Design for failure
The concept of “Design for Failure” is often used to describe the approach that assumes that there will be a hardware or system failure somewhere, sometime – and instead of architecting for hardware and server clustering and availability, to design applications so that recovery can be performed quickly.
A consequence of using services as components, is that applications need to be designed so that they can tolerate the failure of services. Any service call could fail due to unavailability of the supplier, the client has to respond to this as gracefully as possible.
This is a disadvantage compared to a monolithic design as it introduces additional complexity to handle it. The consequence is that microservice teams constantly reflect on how service failures affect the user experience.
Netflix’s Simian Army induces failures of services and even datacenters during the working day to test both the application’s resilience and monitoring.
This kind of automated testing in production would be enough to give most operation groups the kind of shivers usually preceding a week off work. This isn’t to say that monolithic architectural styles aren’t capable of sophisticated monitoring setups - it’s just less common.
Since services can fail at any time, it’s important to be able to detect the failures quickly and, if possible, automatically restore service.

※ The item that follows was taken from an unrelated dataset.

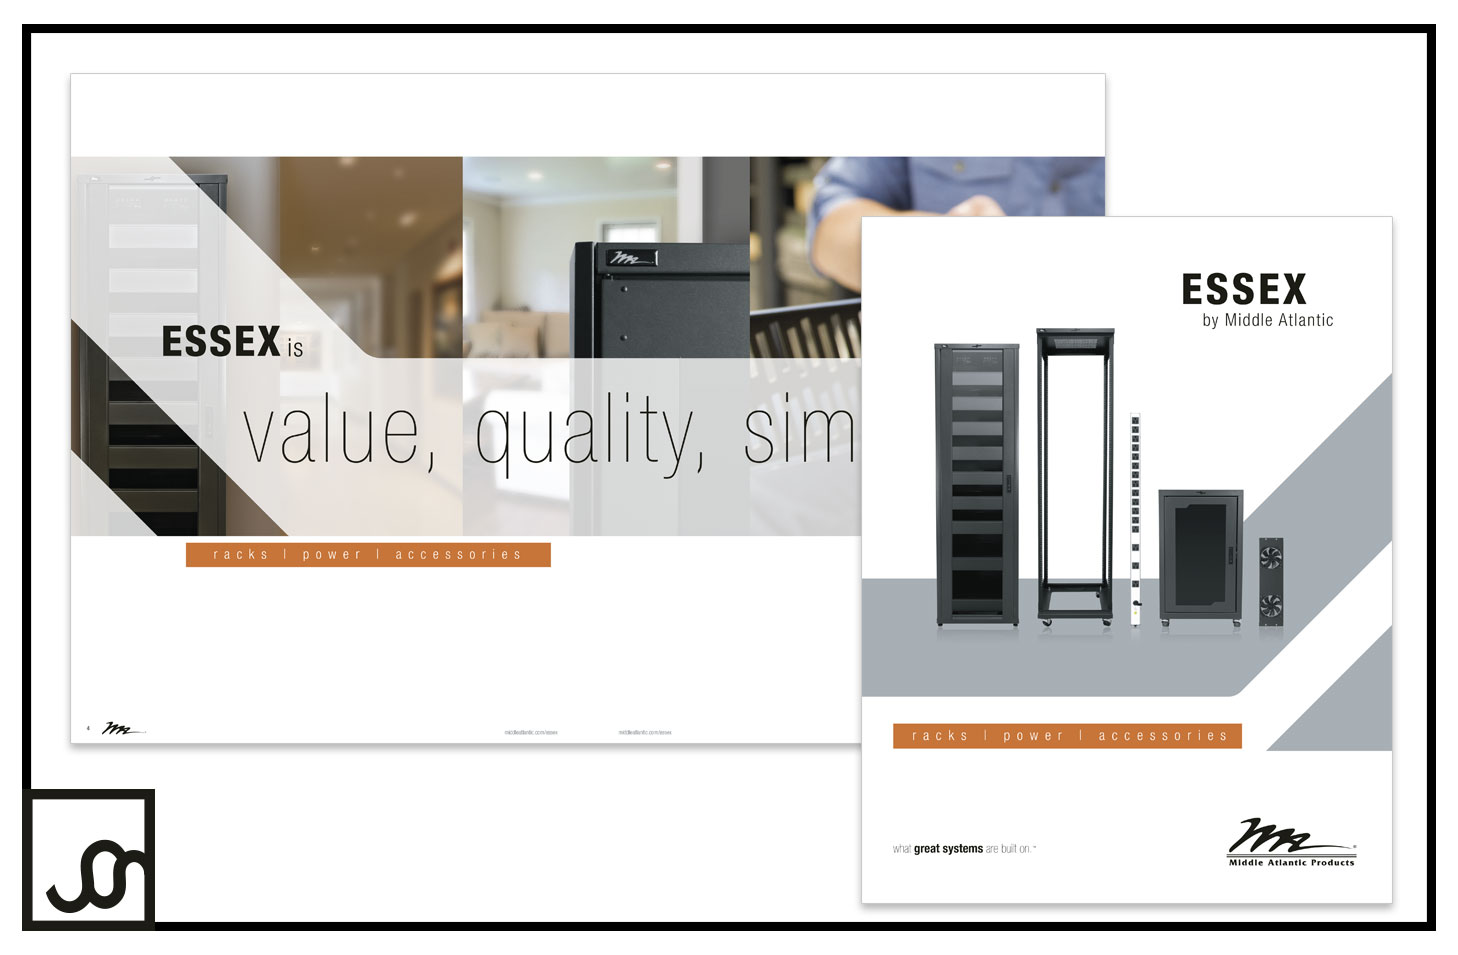 Essex Product Line Brochure

Microservice applications put a lot of emphasis on real-time monitoring of the application, checking both architectural elements (how many requests per second is the database getting) and business relevant metrics (such as how many orders per minute are received). Semantic monitoring can provide an early warning system of something going wrong that triggers development teams to follow up and investigate.
This is particularly important to a microservices architecture because the microservice preference towards choreography and event collaboration leads to emergent behavior. While many pundits praise the value of serendipitous emergence, the truth is that emergent behavior can sometimes be a bad thing. Monitoring is vital to spot bad emergent behavior quickly so it can be fixed.

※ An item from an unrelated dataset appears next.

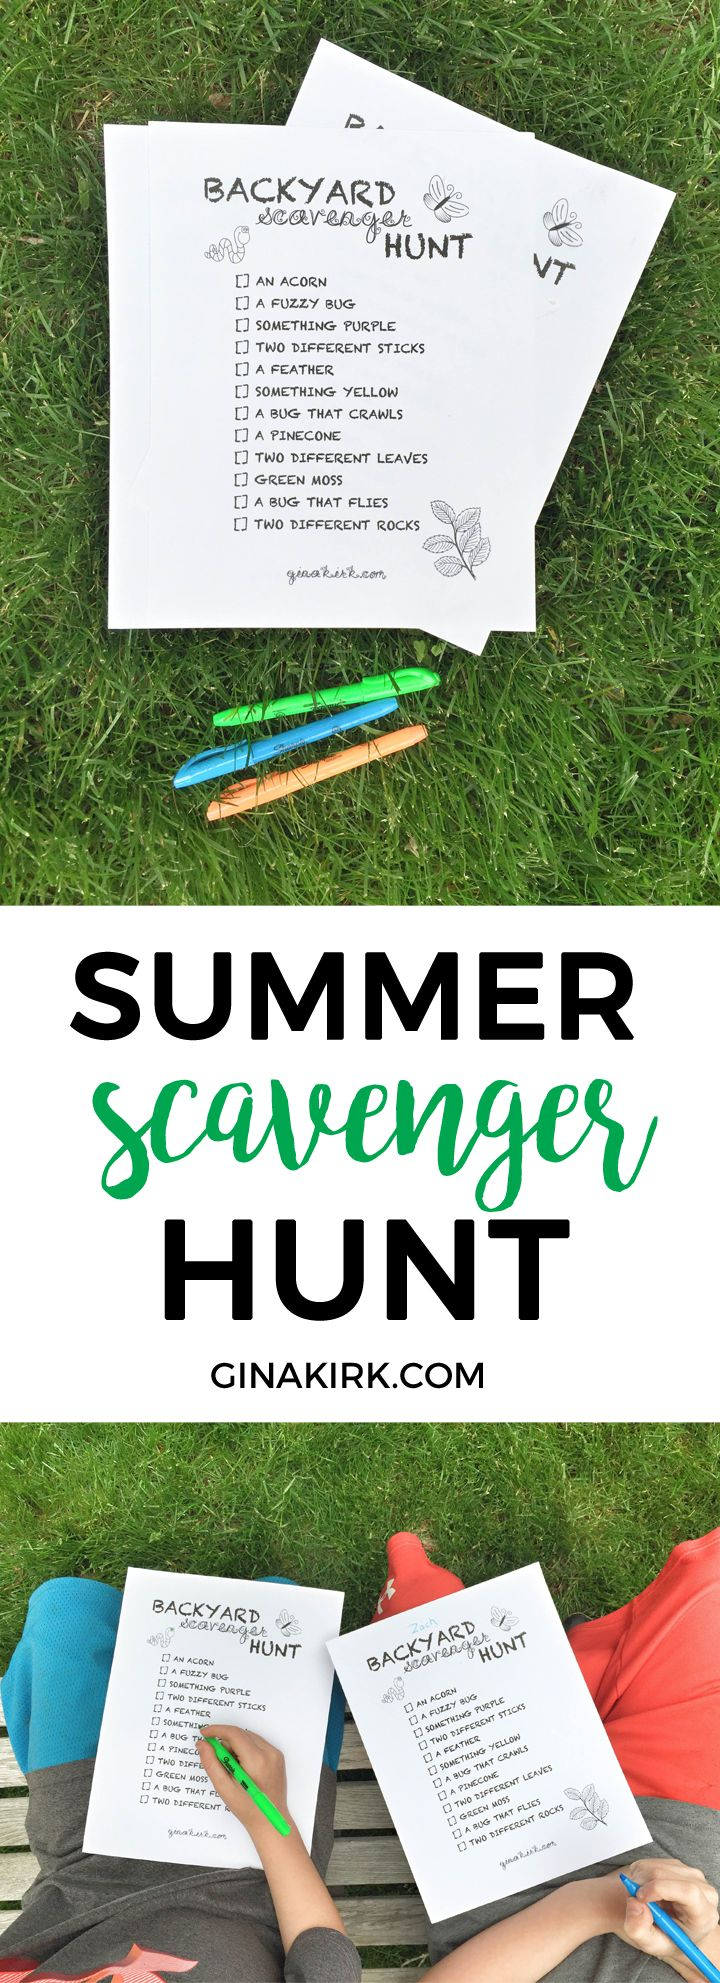 Backyard scavenger hunt | Printable summer nature scavenger hunt | Backyard ice cream party! | GinaKirk.com @ginaekirk #TopYourSummer #SoHoppinGood #ad

Monoliths can be built to be as transparent as a microservice - in fact, they should be. The difference is that you absolutely need to know when services running in different processes are disconnected. With libraries within the same process this kind of transparency is less likely to be useful.
Microservice teams would expect to see sophisticated monitoring and logging setups for each individual service such as dashboards showing up/down status and a variety of operational and business relevant metrics. Details on circuit breaker status, current throughput and latency are other examples we often encounter in the wild.
How can this be traslated ?
In the approach to modernise applications to take advantage of Cloud – there are considerations to take into account the re-design of the application to support underlying failures in the Cloud subsystems. This means;
- Each application component must be deployed across redundant cloud components, ideally with minimal or no common points of failure
- Each application component should be partition tolerant—in other words, it should be able to survive network latency (or loss of communication) among the nodes that support that component without freezing, crashing or hanging (store/cache and recover)
- Distribution of components across availability zones will be required to ensure availability of components
- However, where latency is an issue and inter-dependence is required, plan for close location of resources
- Instead of building completely new architecture for DR, create a Production system with AZ distribution, leveraging the inherent cloud capability as available.